__Required action__
With pictures removed, print the listing exactly.

__Exercise data__

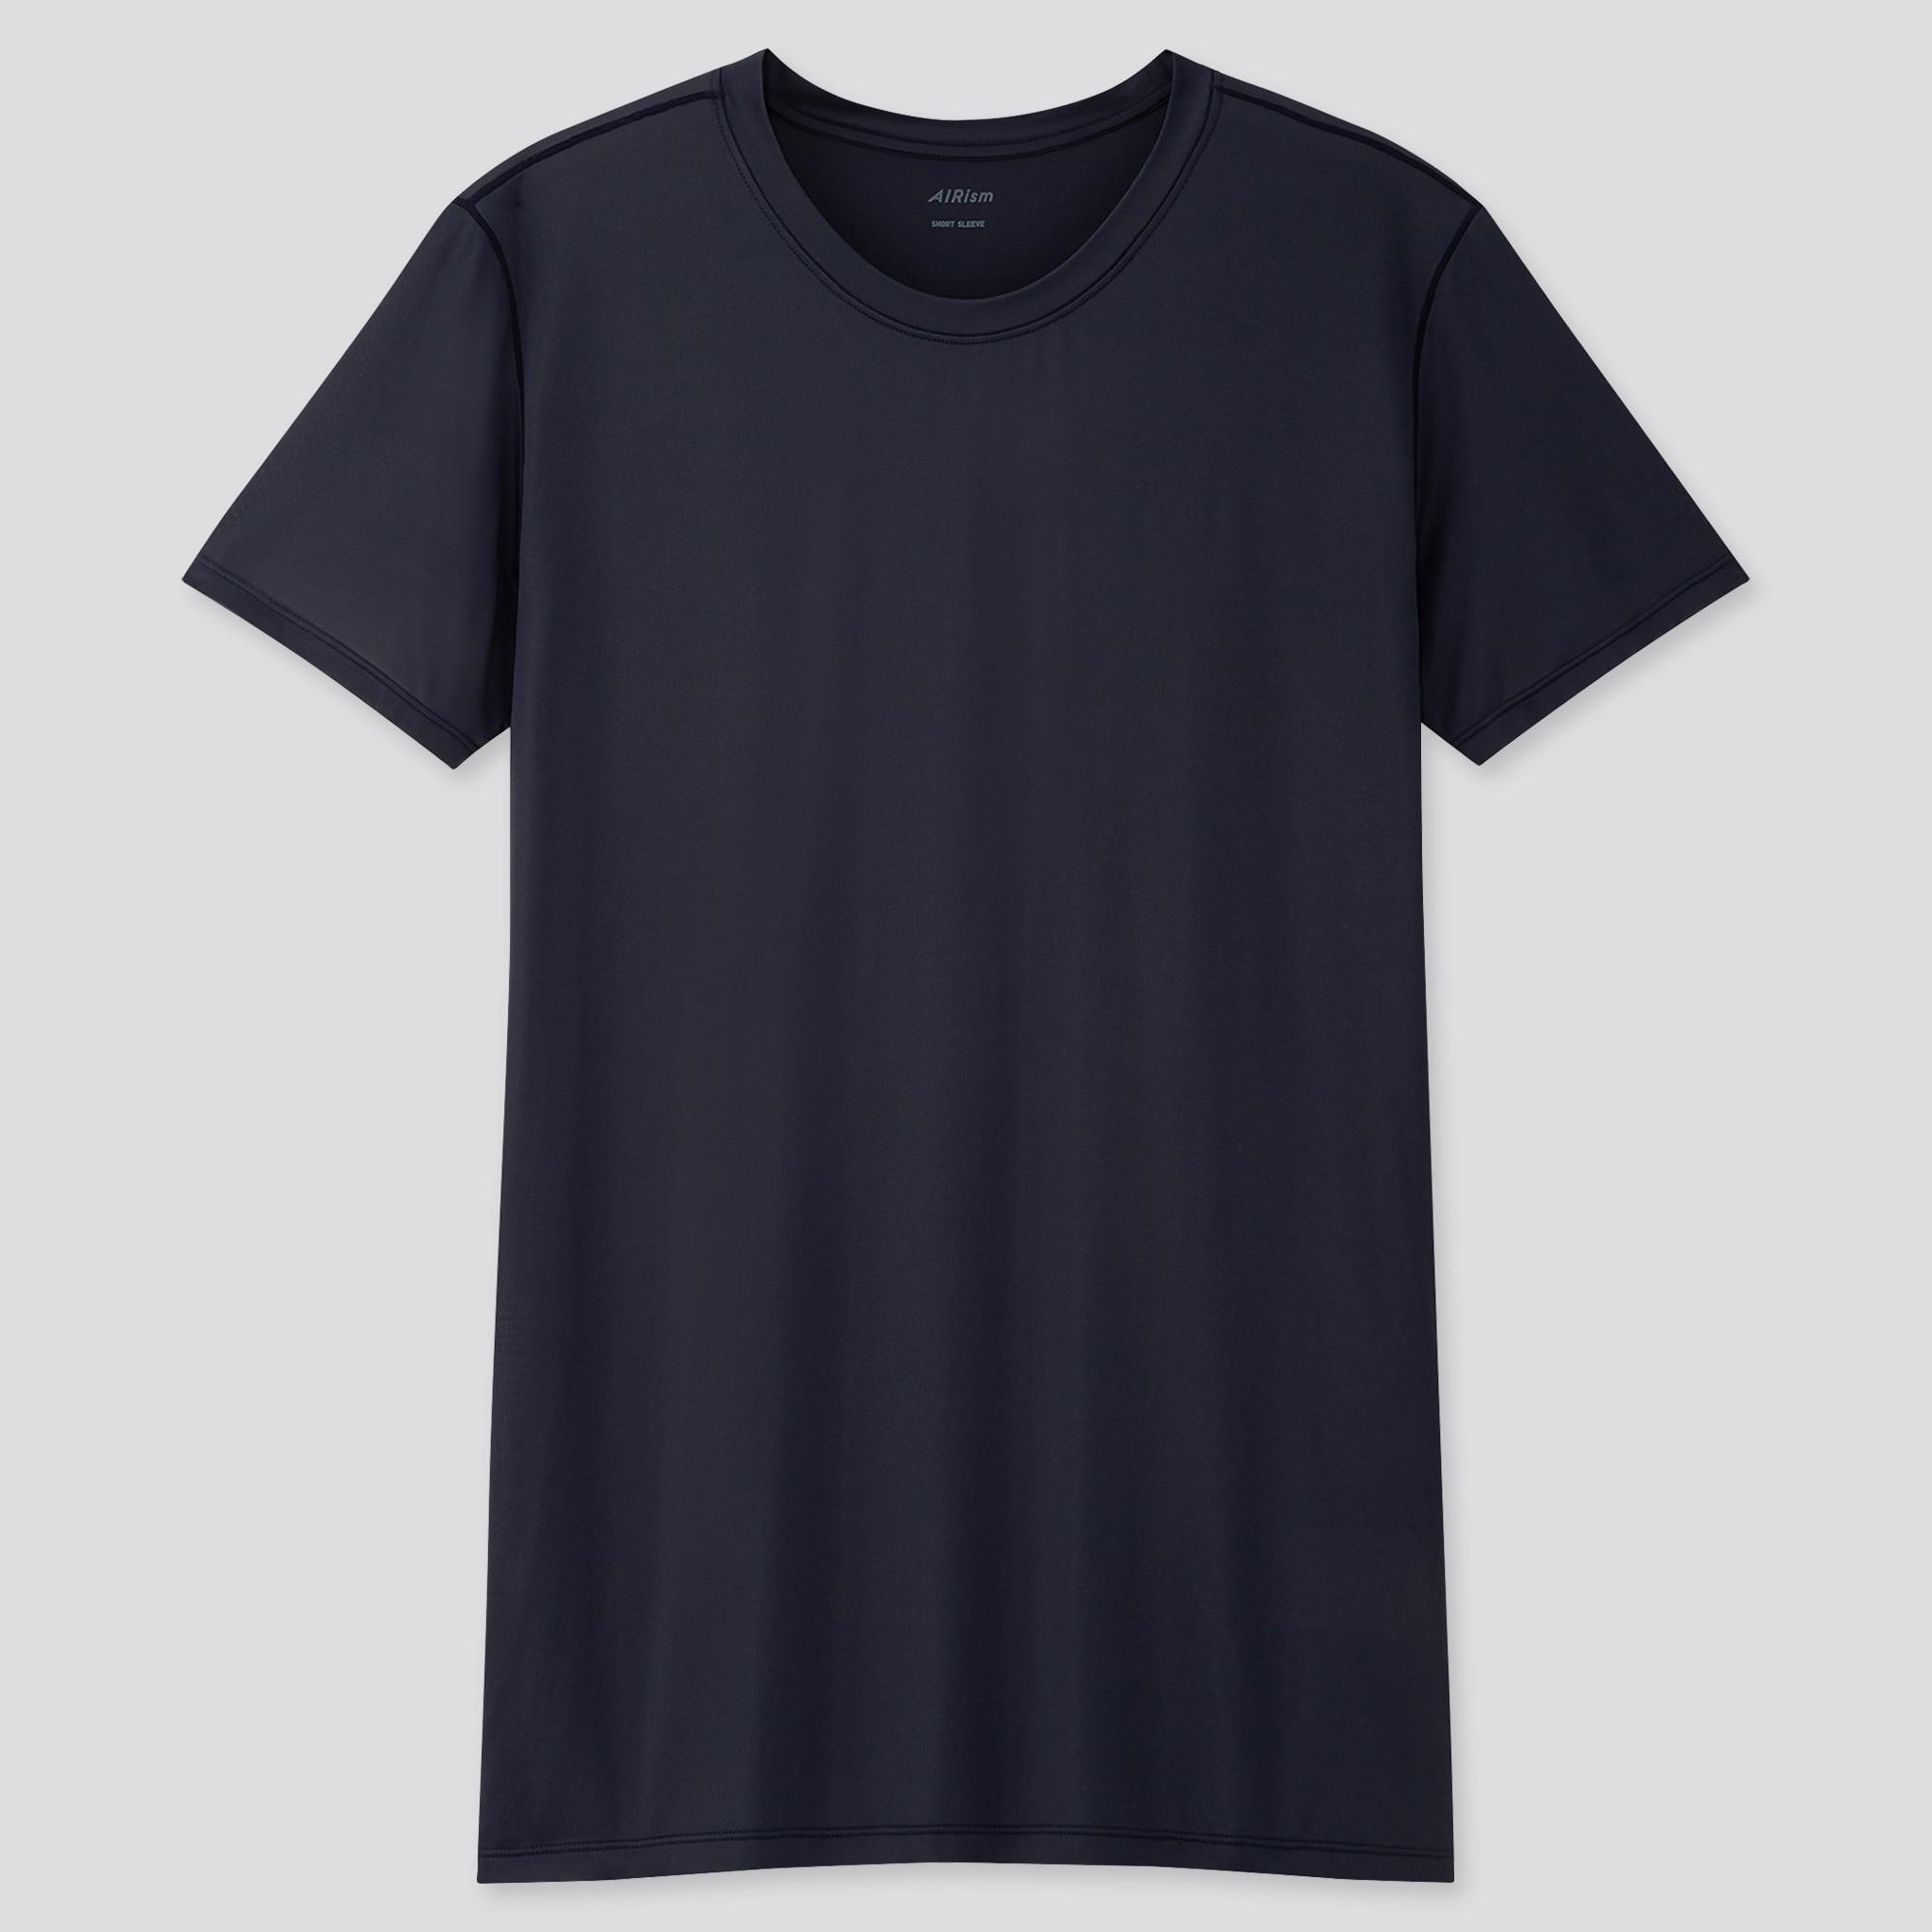 Uniqlo Men Airism Crew Neck Short-Sleeve T-Shirt in blue
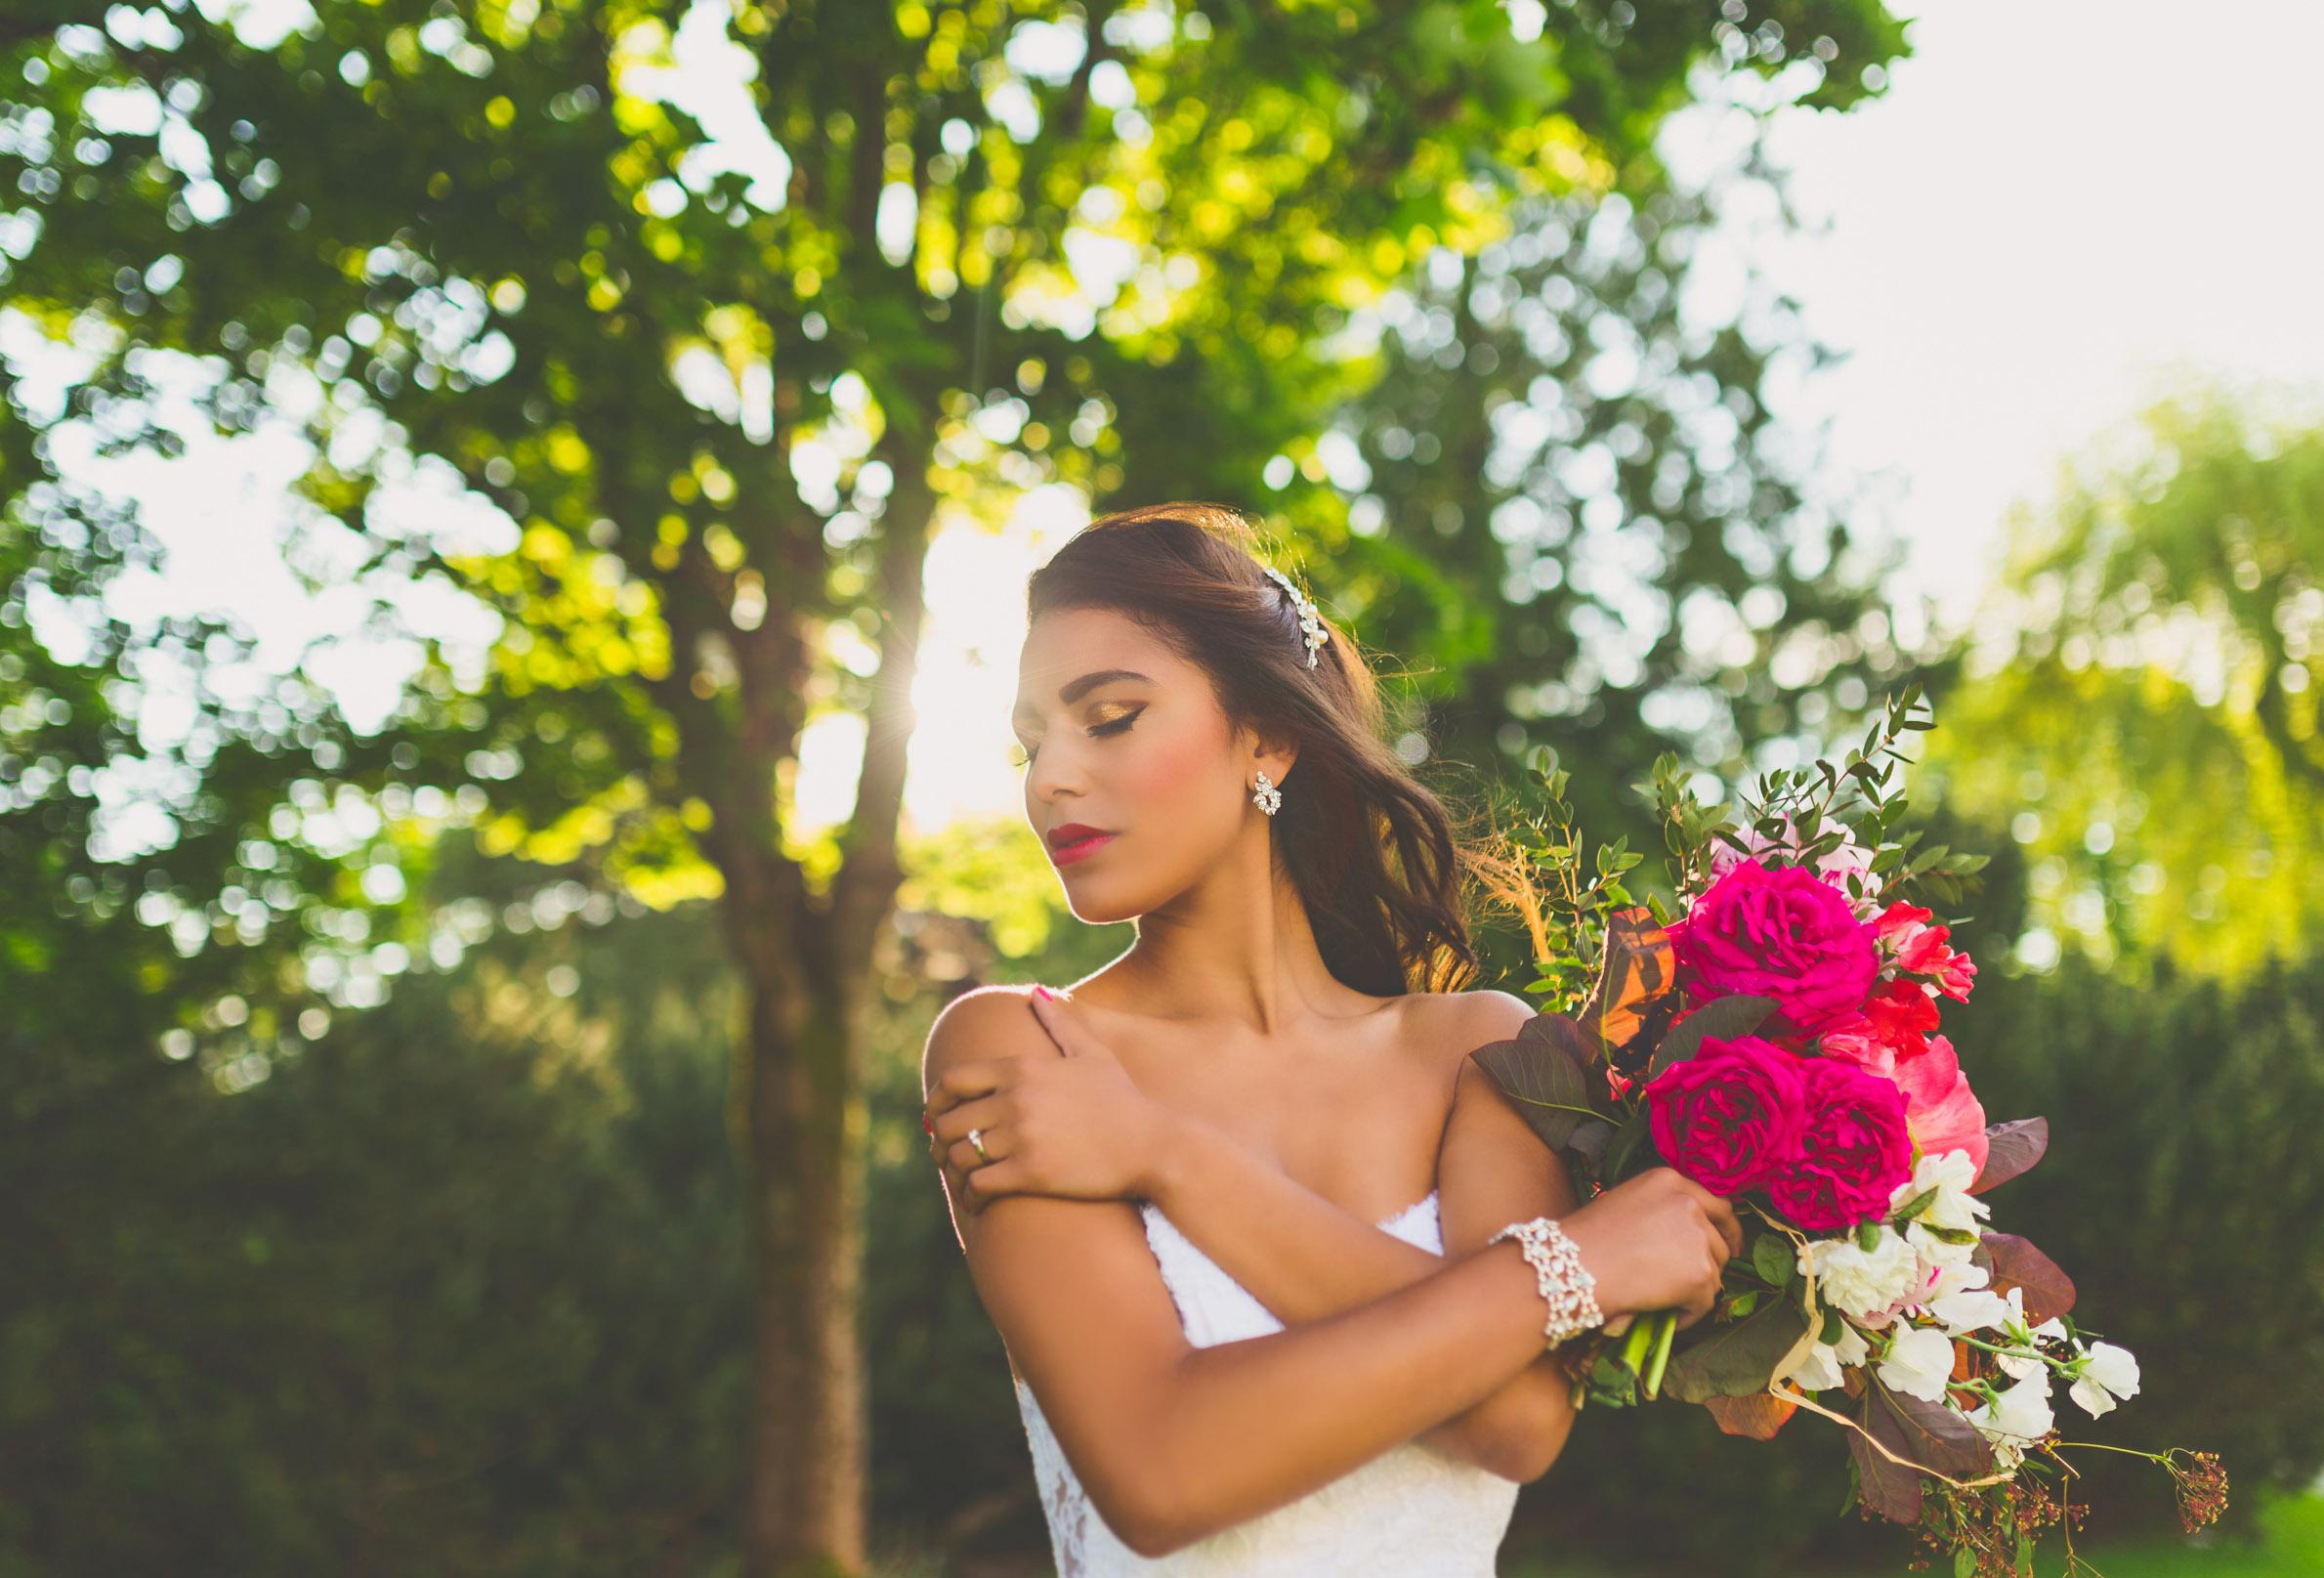 IMG_4323-BRIDAL-EDITORIAL-VANCOUVER-WEDDING-PHOTOGRAPHER-JENNIFER-PICARD-PHOTOGRAPHY.jpg
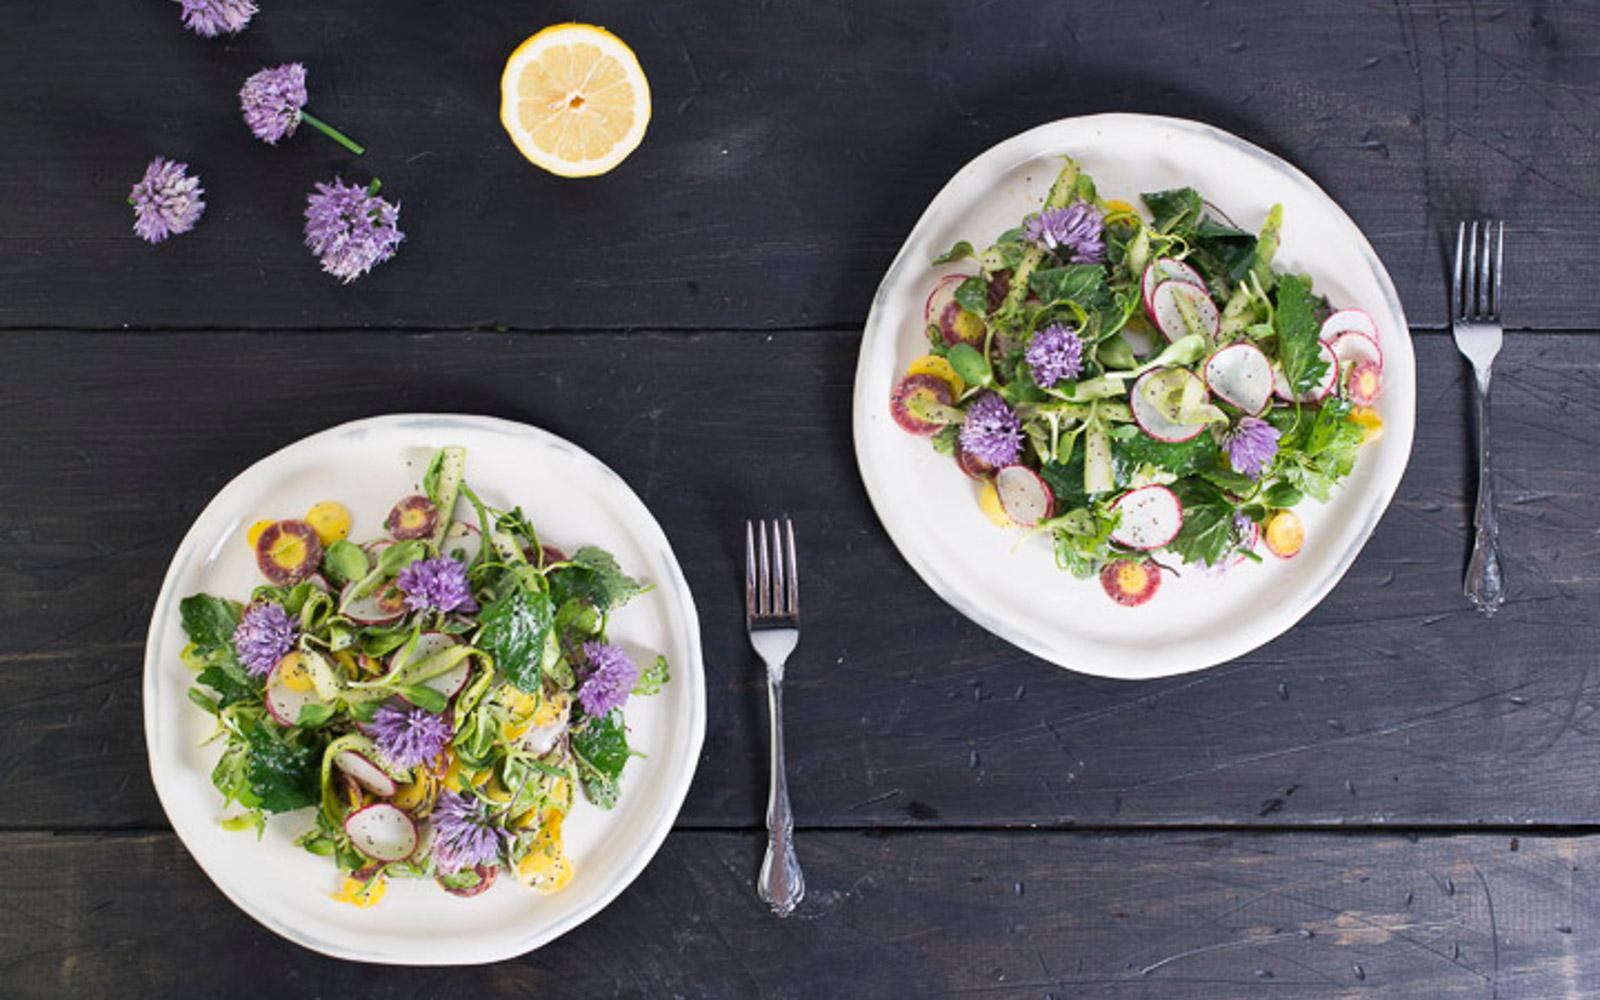 Wild spinach and asparagus salad 2

__Solved problem__
 Uniqlo Men Airism Crew Neck Short-Sleeve T-Shirt in blue
 IMG_4323-BRIDAL-EDITORIAL-VANCOUVER-WEDDING-PHOTOGRAPHER-JENNIFER-PICARD-PHOTOGRAPHY.jpg
 Wild spinach and asparagus salad 2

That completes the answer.